This may work for the Nobel Prize, where anyone can indeed nominate anyone else, but I believe Harvard chooses it’s Presidents using the normal search committee that may take the offhanded suggestion but has no public nomination process that I know of.
BE THIS GUY 9 months ago
The bookie is probably hoping the Dean will be able to payoff his debts with the salary increase.
snsurone76 9 months ago
How did those ice cubes mysteriously get into his drink??
Rob Brewer 9 months ago
I presume somebody had nominated GBT, prompting this series. And after it, Harvard was deluged with nominations for Zonker. Or maybe Duke.

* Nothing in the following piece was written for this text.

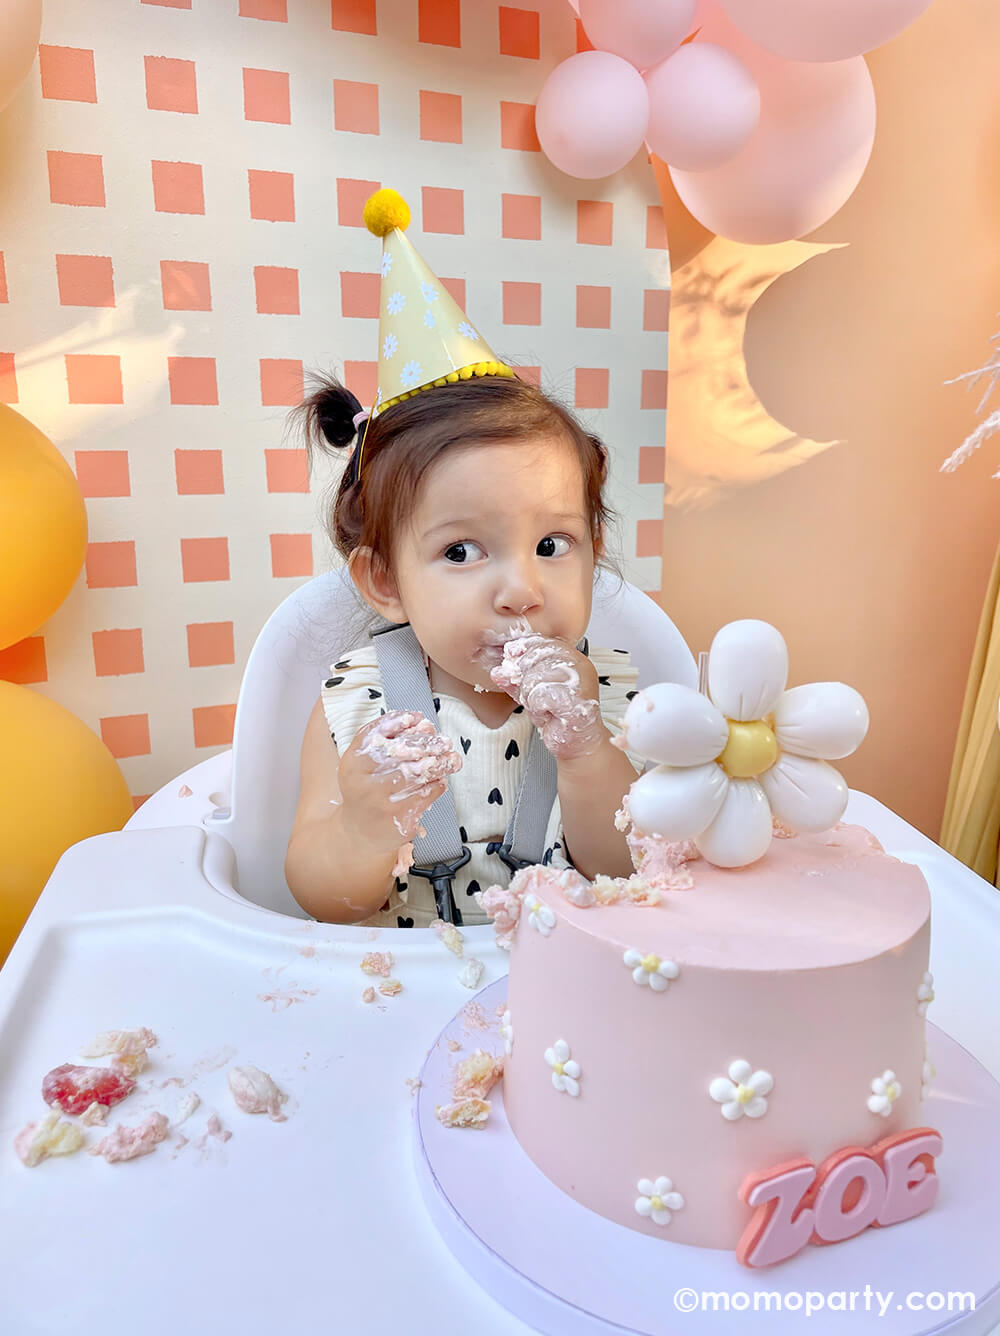 Momo Party One Groovy Baby First Birthday Party, with a birthday girl wearing a Retro Daisy Party Hat, sitting in the hair chair, eating her modern groovy-themed light pink smash cake decorated with Dasiy flower topper and Zoe in the front. She sitting in front of a check-patterned wooden Backdrop board decorated with latex balloons in peach, pink, and Goldenrod colors. This decoration is such a stand-out backdrop and photo booth for a Groovy birthday party, baby showers, and almost any other joyful event

PoodleGroomer 9 months ago
Online Sports Betting nominated him after he allowed sports bookies to watch team practice sessions.
[Unnamed Reader - 14b4ce] 9 months ago
The winner will be whoever promises to preserve Mrs.Bartley’s Burgers in perpetuity
bluecat 9 months ago
Not sure if “respectfully” is apt here. Didn’t the last president get booted in record time, in line with a national trend?
steveconkey2003 9 months ago
This is timely as it shows how worthless DEI is now.
The Brooklyn Accent Premium Member 9 months ago
Is it my imagination, or, other than skin color, does the dean look exactly like Mike’s former boss Bernie?
mistercatworks 9 months ago
It was done as a loophole to get around that nasty rule that you cannot nominate yourself. :)
Arghhgarrr Premium Member 9 months ago
This may work for the Nobel Prize, where anyone can indeed nominate anyone else, but I believe Harvard chooses it’s Presidents using the normal search committee that may take the offhanded suggestion but has no public nomination process that I know of.